**Assignment**:
Set out exactly every line of the entries below, starting at the line that holds "Colourful rhododendrons, azaleas" and stopping after the line that holds "Method and System".

**Exercise input**:
──────────────────────────────
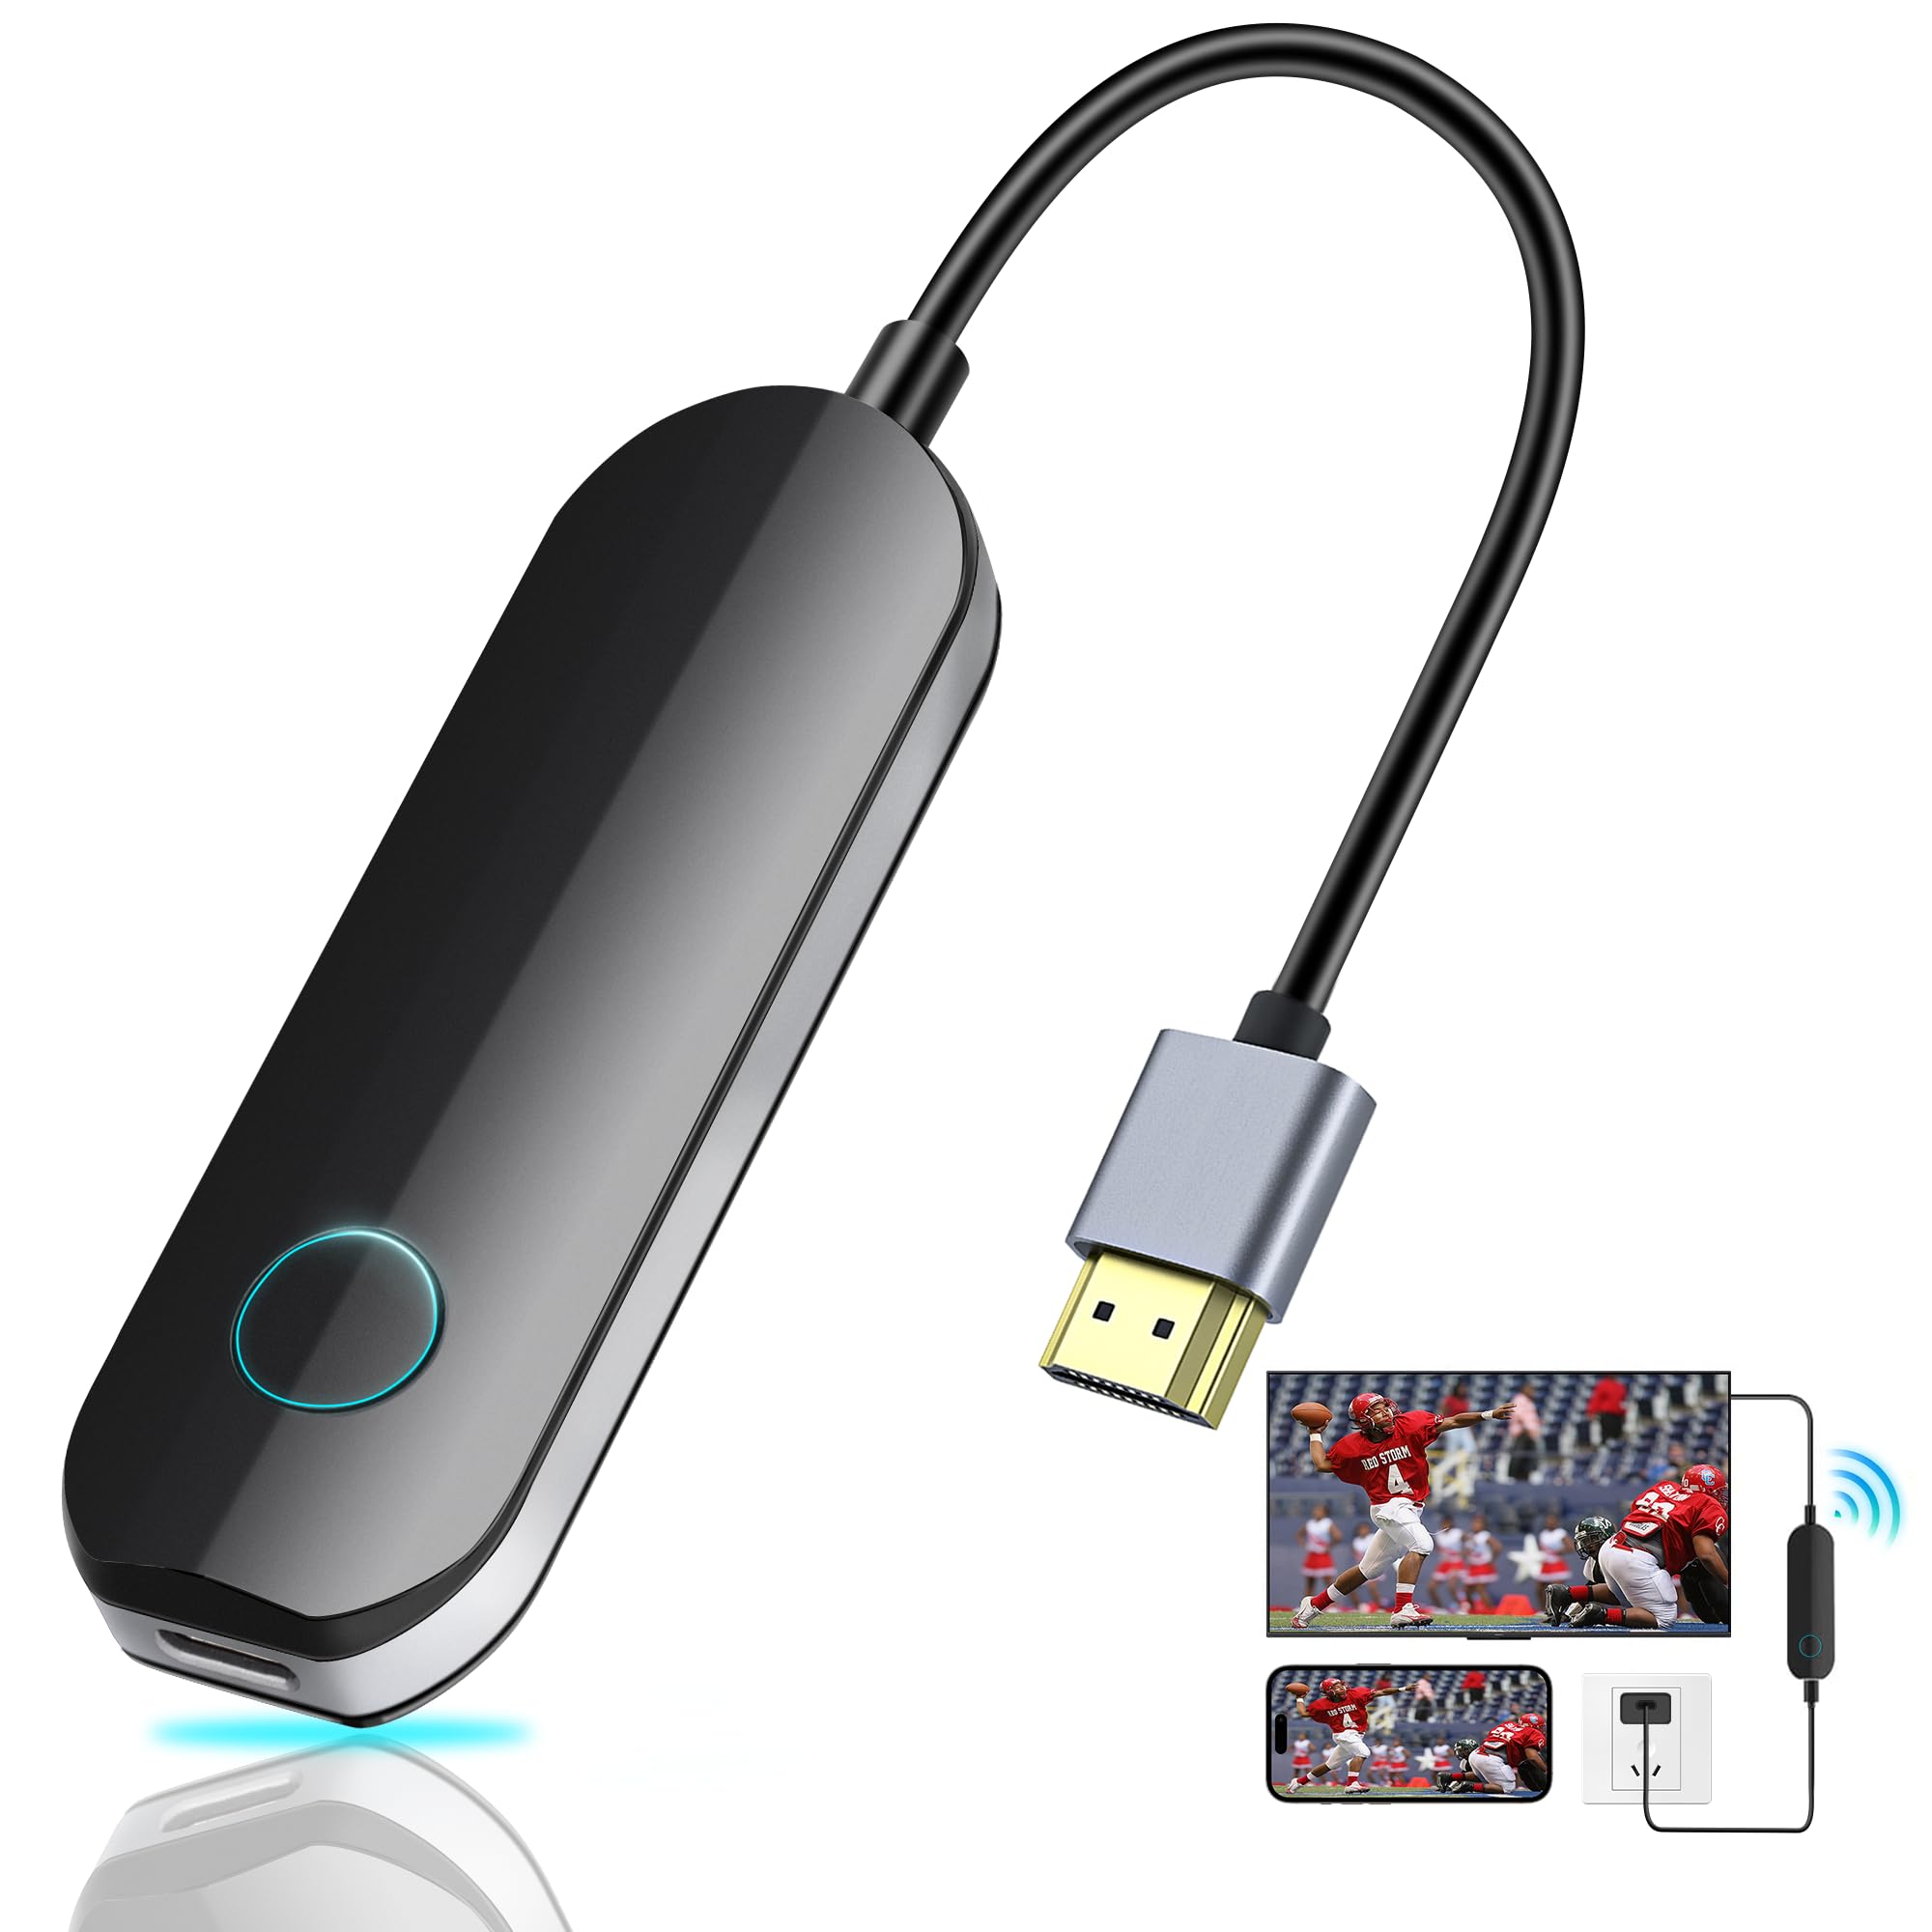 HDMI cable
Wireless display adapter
──────────────────────────────
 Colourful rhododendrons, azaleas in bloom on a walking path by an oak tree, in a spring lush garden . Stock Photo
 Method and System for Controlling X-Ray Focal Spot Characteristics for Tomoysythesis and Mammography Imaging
──────────────────────────────
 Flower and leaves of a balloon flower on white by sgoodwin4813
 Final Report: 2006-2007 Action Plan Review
──────────────────────────────
**Task response**:
 Colourful rhododendrons, azaleas in bloom on a walking path by an oak tree, in a spring lush garden . Stock Photo
 Method and System for Controlling X-Ray Focal Spot Characteristics for Tomoysythesis and Mammography Imaging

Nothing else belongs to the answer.